Meta AI Extracts SAM Sound: A State-of-the-Art Integrated Model Using Accurate Information and Multiple Objects for Sound Classification

nimda December 17, 2025

0 10 3 minutes read

Meta AI Extracts SAM Sound: A State-of-the-Art Integrated Model Using Accurate Information and Multiple Objects for Sound Classification

Meta has released SAM Audio, a fast-paced audio segmentation model that addresses a common programming bottleneck, separating a single audio from a real-world mix without building a custom model for each audio segment. Meta is released in 3 major sizes, sam-audio-small, sam-audio-baseagain sam-audio-large. The model is available for download and you can try it out in the Component Playground.

Buildings

SAM Audio uses separate local signal encoders, a hybrid audio encoder, a text encoder for natural language description, a span encoder for time anchors, and a visual encoder that uses visual information from video and an object mask. The coded stream is combined into time-aligned features, then processed by a differential converter that works with attention during the time-aligned representation and inverse attention with the text feature, then the DACVAE decoder reconstructs the waveforms and produces 2 outputs, the target sound and the residual sound.

What SAM Audio does, and what 'part' means here?

SAM Audio takes recorded input that contains multiple overlapping sources, for example speech and traffic and music, and separates the target source based on the information. In the public view API, the model produces 2 results, result.target again result.residual. The research team explains target as a single sound, too residual like everything else.

Those targets and the rest of the functional maps are specific to the functions of the programmer. If you want to remove dog barking from a podcast track, you can treat the bark as a target, and remove it by keeping only the residue. If you want to extract a guitar part from a concert clip, you keep the target waveform instead. Meta uses these specific types of examples to describe what the model is intended to enable.

3 types of Meta information are sent

Meta presents SAM Audio as a single integrated model that supports 3 types of notifications, and says that these notifications can be used alone or in combination.

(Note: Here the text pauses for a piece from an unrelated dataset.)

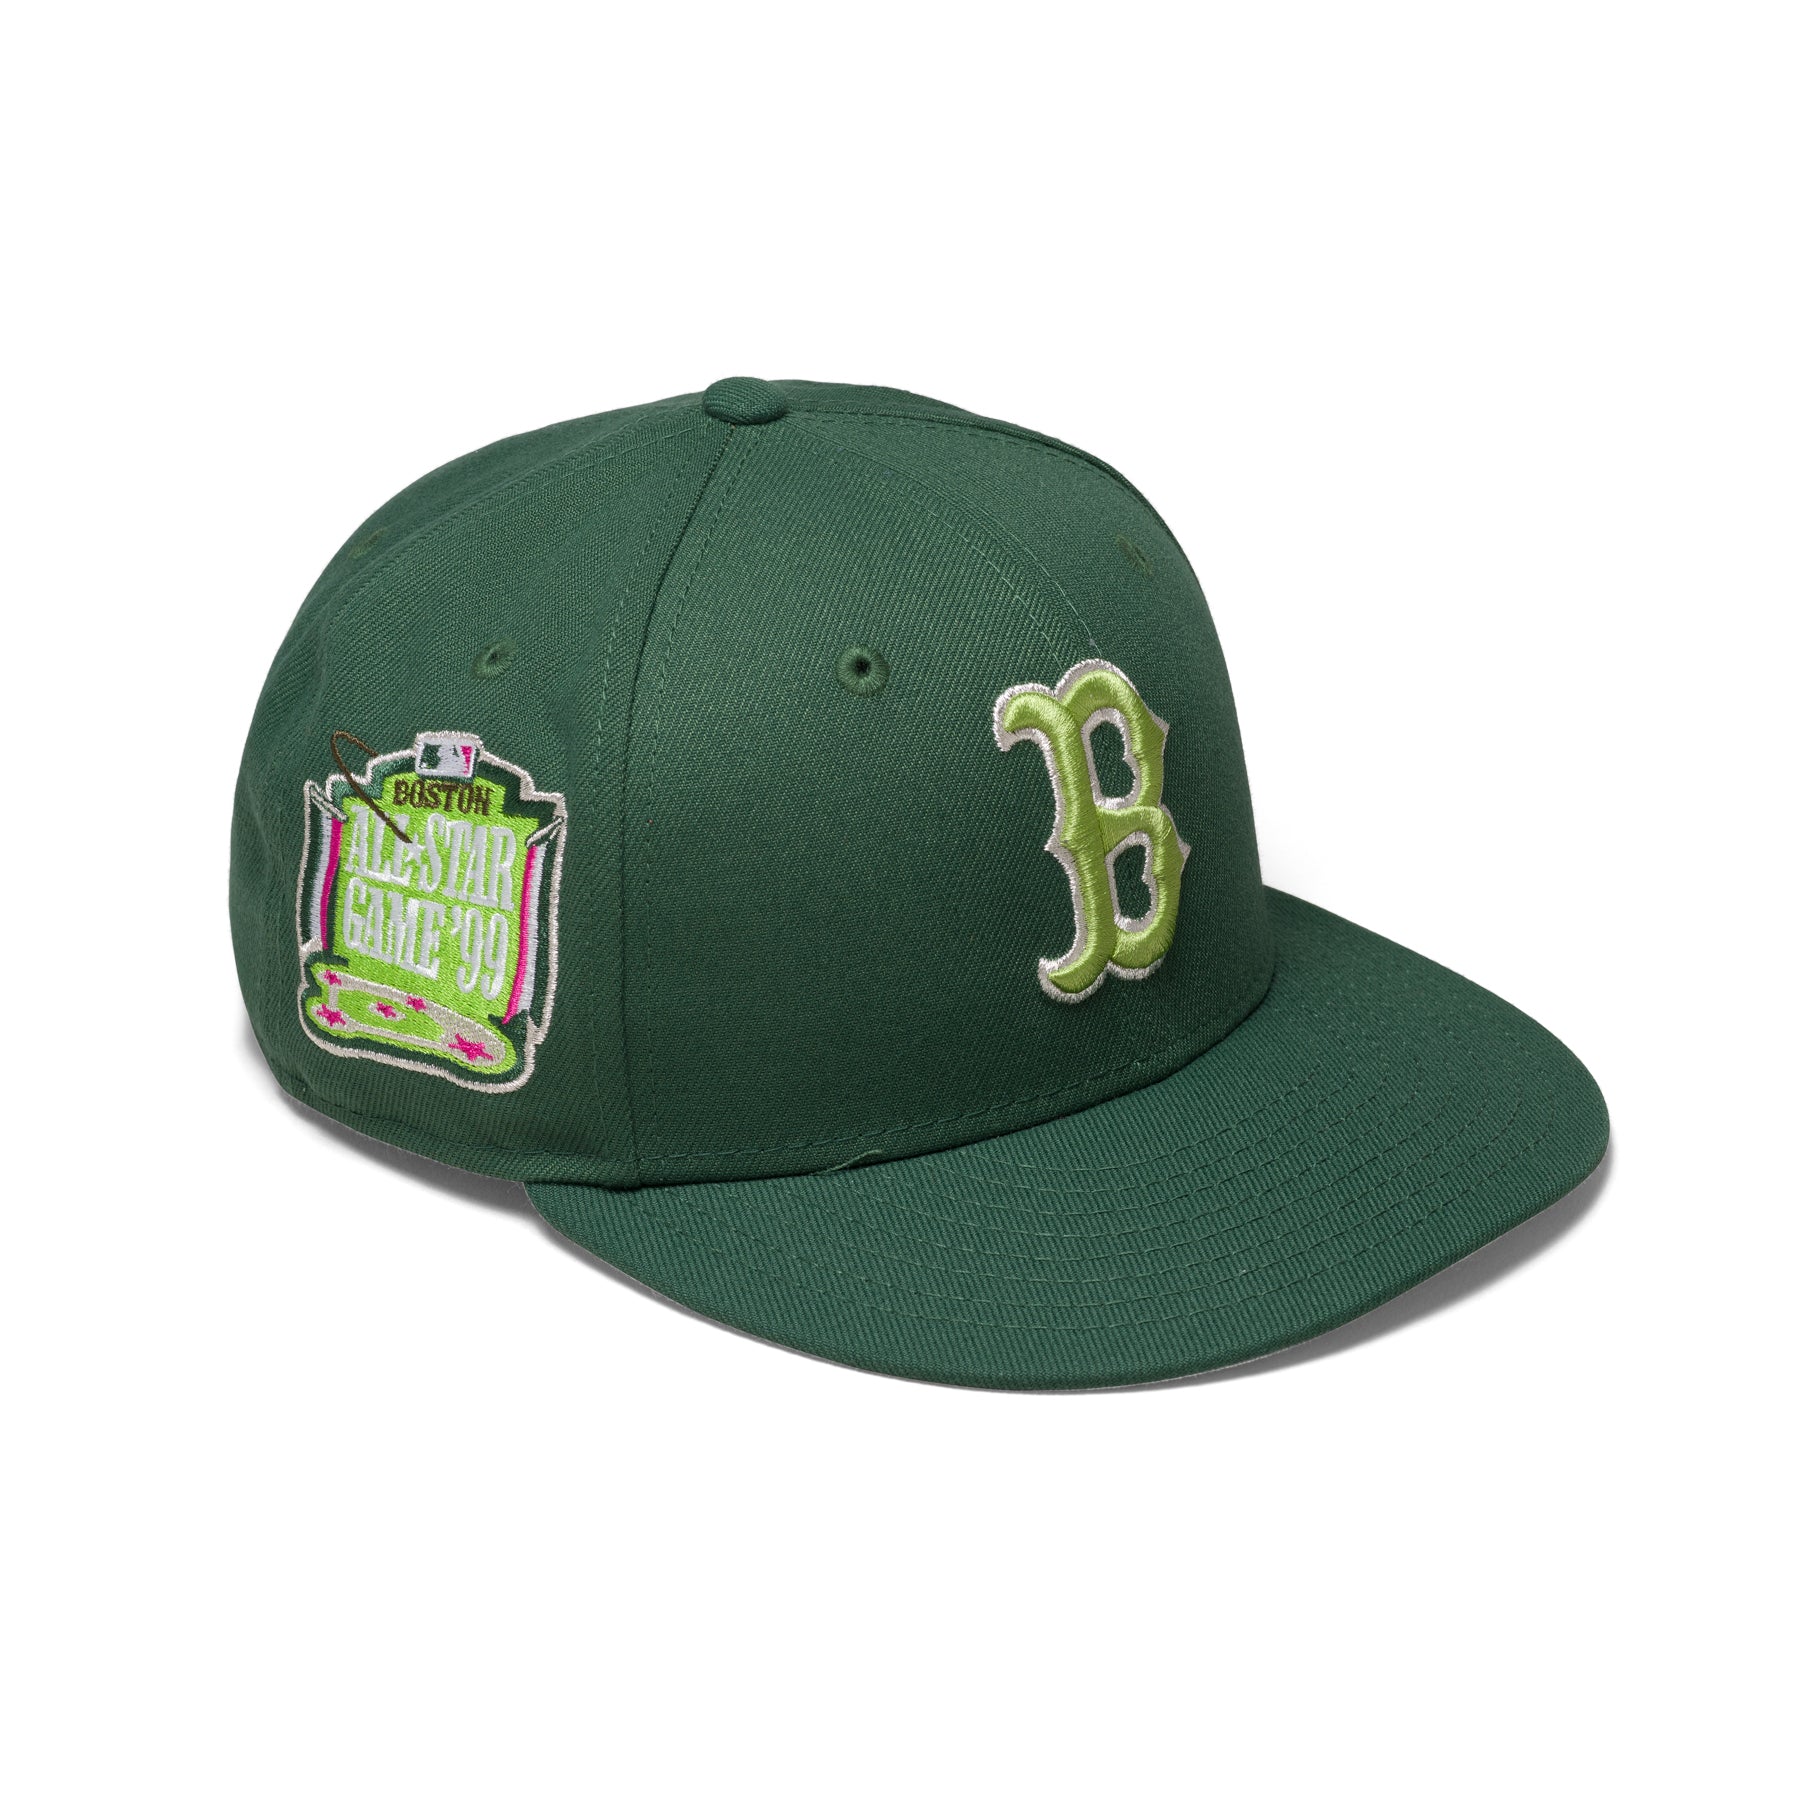 Vintage Logo 7 1999 MLB Boston all star game￼ ‘99 Cap

Text input: You describe a sound in natural language, for example “dog barking” or “voice singing”, and the model separates that sound from the mixture. Meta lists text information as one of the main methods of interaction, and the open source repo includes end-to-end example usage. SAMAudioProcessor again model.separate.
Visual information: You click on a person or object in the video and ask the model to distinguish the sound associated with that visual object. The Meta team defines visual cues as selecting a sound element in a video. In the extracted code method, visual recognition is implemented by passing video frames and masks to the processor using masked_videos.
Introducing Span: The Meta team calls an industry first. You mark the time segments where the target sound occurs, and the model uses those intervals to guide the separation. This is important in ambiguous situations, for example when the same instrument appears in several episodes, or when the noise is present briefly and you want to prevent the model from diverging too much.

Results

The Meta team positions SAM Audio as achieving superior performance in all different, real-world situations, and positioning it as an integrated alternative to single-purpose audio tools. The team publishes an independent evaluation table in all categories, General, SFX, Speech, Speaker, Music, Instr(wild), Instr(pro), with a General score of 3.62 for small sam sound, 3.28 for sam sound base, and 3.50 for large sam sound, and Instr(pro) scores up to 4.49 for the same large sound.

Key Takeaways

SAM Audio is an integrated audio classification modelseparates sound from complex mixes using textual information, visual information, and duration information.
The main API generates two waveforms per request, target with a single sound again residual for everything else, it shows cleanly in common editing tasks such as removing noise, extracting the stem, or maintaining the ambience.
Meta has released multiple and unique checkpointsincluding sam-audio-small, sam-audio-base, sam-audio-largeplus tv In addition to the repo that works best for visual information, the repo also publishes a class-independent test table.
Release involves using tools beyond the specificationMeta offers a sam-audio-judge the model that obtains the results of the classification is compared to the description of the text with overall quality, recall, precision, and reliability.

Check it out Technical details again GitHub page. Feel free to check out our GitHub page for Tutorials, Codes and Notebooks. Also, feel free to follow us Twitter and don't forget to join our 100k+ ML SubReddit and Subscribe to Our newspaper. Wait! are you on telegram? now you can join us on telegram too.

Asif Razzaq is the CEO of Marktechpost Media Inc. As a visionary entrepreneur and engineer, Asif is committed to harnessing the power of Artificial Intelligence for the benefit of society. His latest endeavor is the launch of Artificial Intelligence Media Platform, Marktechpost, which stands out for its extensive coverage of machine learning and deep learning stories that sound technically sound and easily understood by a wide audience. The platform boasts of more than 2 million monthly views, which shows its popularity among viewers.